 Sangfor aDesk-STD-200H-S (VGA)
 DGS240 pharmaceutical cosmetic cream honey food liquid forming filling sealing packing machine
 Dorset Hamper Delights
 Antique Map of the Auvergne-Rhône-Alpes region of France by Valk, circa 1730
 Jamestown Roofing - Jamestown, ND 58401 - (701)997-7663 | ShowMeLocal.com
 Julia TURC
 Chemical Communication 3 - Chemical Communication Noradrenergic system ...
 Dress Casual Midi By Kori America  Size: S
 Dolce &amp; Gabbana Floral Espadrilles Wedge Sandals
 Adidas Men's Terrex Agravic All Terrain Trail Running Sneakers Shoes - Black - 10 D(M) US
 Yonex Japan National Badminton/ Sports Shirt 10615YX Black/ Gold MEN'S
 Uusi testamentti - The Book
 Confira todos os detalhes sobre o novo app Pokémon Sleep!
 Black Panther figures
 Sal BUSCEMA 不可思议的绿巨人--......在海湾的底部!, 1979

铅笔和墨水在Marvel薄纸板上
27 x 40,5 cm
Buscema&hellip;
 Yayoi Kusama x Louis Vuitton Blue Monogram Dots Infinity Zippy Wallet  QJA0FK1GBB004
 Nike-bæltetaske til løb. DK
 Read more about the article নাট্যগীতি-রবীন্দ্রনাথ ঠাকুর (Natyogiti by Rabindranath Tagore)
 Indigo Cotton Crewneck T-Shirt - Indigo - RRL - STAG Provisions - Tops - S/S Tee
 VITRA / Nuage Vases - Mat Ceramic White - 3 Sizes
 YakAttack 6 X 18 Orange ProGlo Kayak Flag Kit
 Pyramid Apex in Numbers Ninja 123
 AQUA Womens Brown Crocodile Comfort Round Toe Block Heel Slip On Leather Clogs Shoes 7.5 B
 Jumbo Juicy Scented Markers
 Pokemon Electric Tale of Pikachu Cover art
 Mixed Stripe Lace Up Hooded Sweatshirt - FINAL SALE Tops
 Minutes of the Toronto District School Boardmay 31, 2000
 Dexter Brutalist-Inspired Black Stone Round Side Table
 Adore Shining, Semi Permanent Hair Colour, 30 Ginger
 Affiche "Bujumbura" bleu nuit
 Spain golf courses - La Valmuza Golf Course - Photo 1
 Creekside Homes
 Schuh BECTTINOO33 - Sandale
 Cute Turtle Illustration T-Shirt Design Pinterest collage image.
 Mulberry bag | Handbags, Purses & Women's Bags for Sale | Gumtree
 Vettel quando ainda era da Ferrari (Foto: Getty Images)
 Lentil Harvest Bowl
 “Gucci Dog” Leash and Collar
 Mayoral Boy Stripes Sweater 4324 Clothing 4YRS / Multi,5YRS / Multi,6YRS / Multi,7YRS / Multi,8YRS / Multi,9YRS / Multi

****

• _ACTIVITY_:
Nothing but an exact repetition of the entries is expected here.

• _EXERCISE RESPONSE_:
 Sangfor aDesk-STD-200H-S (VGA)
 DGS240 pharmaceutical cosmetic cream honey food liquid forming filling sealing packing machine
 Dorset Hamper Delights
 Antique Map of the Auvergne-Rhône-Alpes region of France by Valk, circa 1730
 Jamestown Roofing - Jamestown, ND 58401 - (701)997-7663 | ShowMeLocal.com
 Julia TURC
 Chemical Communication 3 - Chemical Communication Noradrenergic system ...
 Dress Casual Midi By Kori America  Size: S
 Dolce &amp; Gabbana Floral Espadrilles Wedge Sandals
 Adidas Men's Terrex Agravic All Terrain Trail Running Sneakers Shoes - Black - 10 D(M) US
 Yonex Japan National Badminton/ Sports Shirt 10615YX Black/ Gold MEN'S
 Uusi testamentti - The Book
 Confira todos os detalhes sobre o novo app Pokémon Sleep!
 Black Panther figures
 Sal BUSCEMA 不可思议的绿巨人--......在海湾的底部!, 1979

铅笔和墨水在Marvel薄纸板上
27 x 40,5 cm
Buscema&hellip;
 Yayoi Kusama x Louis Vuitton Blue Monogram Dots Infinity Zippy Wallet  QJA0FK1GBB004
 Nike-bæltetaske til løb. DK
 Read more about the article নাট্যগীতি-রবীন্দ্রনাথ ঠাকুর (Natyogiti by Rabindranath Tagore)
 Indigo Cotton Crewneck T-Shirt - Indigo - RRL - STAG Provisions - Tops - S/S Tee
 VITRA / Nuage Vases - Mat Ceramic White - 3 Sizes
 YakAttack 6 X 18 Orange ProGlo Kayak Flag Kit
 Pyramid Apex in Numbers Ninja 123
 AQUA Womens Brown Crocodile Comfort Round Toe Block Heel Slip On Leather Clogs Shoes 7.5 B
 Jumbo Juicy Scented Markers
 Pokemon Electric Tale of Pikachu Cover art
 Mixed Stripe Lace Up Hooded Sweatshirt - FINAL SALE Tops
 Minutes of the Toronto District School Boardmay 31, 2000
 Dexter Brutalist-Inspired Black Stone Round Side Table
 Adore Shining, Semi Permanent Hair Colour, 30 Ginger
 Affiche "Bujumbura" bleu nuit
 Spain golf courses - La Valmuza Golf Course - Photo 1
 Creekside Homes
 Schuh BECTTINOO33 - Sandale
 Cute Turtle Illustration T-Shirt Design Pinterest collage image.
 Mulberry bag | Handbags, Purses & Women's Bags for Sale | Gumtree
 Vettel quando ainda era da Ferrari (Foto: Getty Images)
 Lentil Harvest Bowl
 “Gucci Dog” Leash and Collar
 Mayoral Boy Stripes Sweater 4324 Clothing 4YRS / Multi,5YRS / Multi,6YRS / Multi,7YRS / Multi,8YRS / Multi,9YRS / Multi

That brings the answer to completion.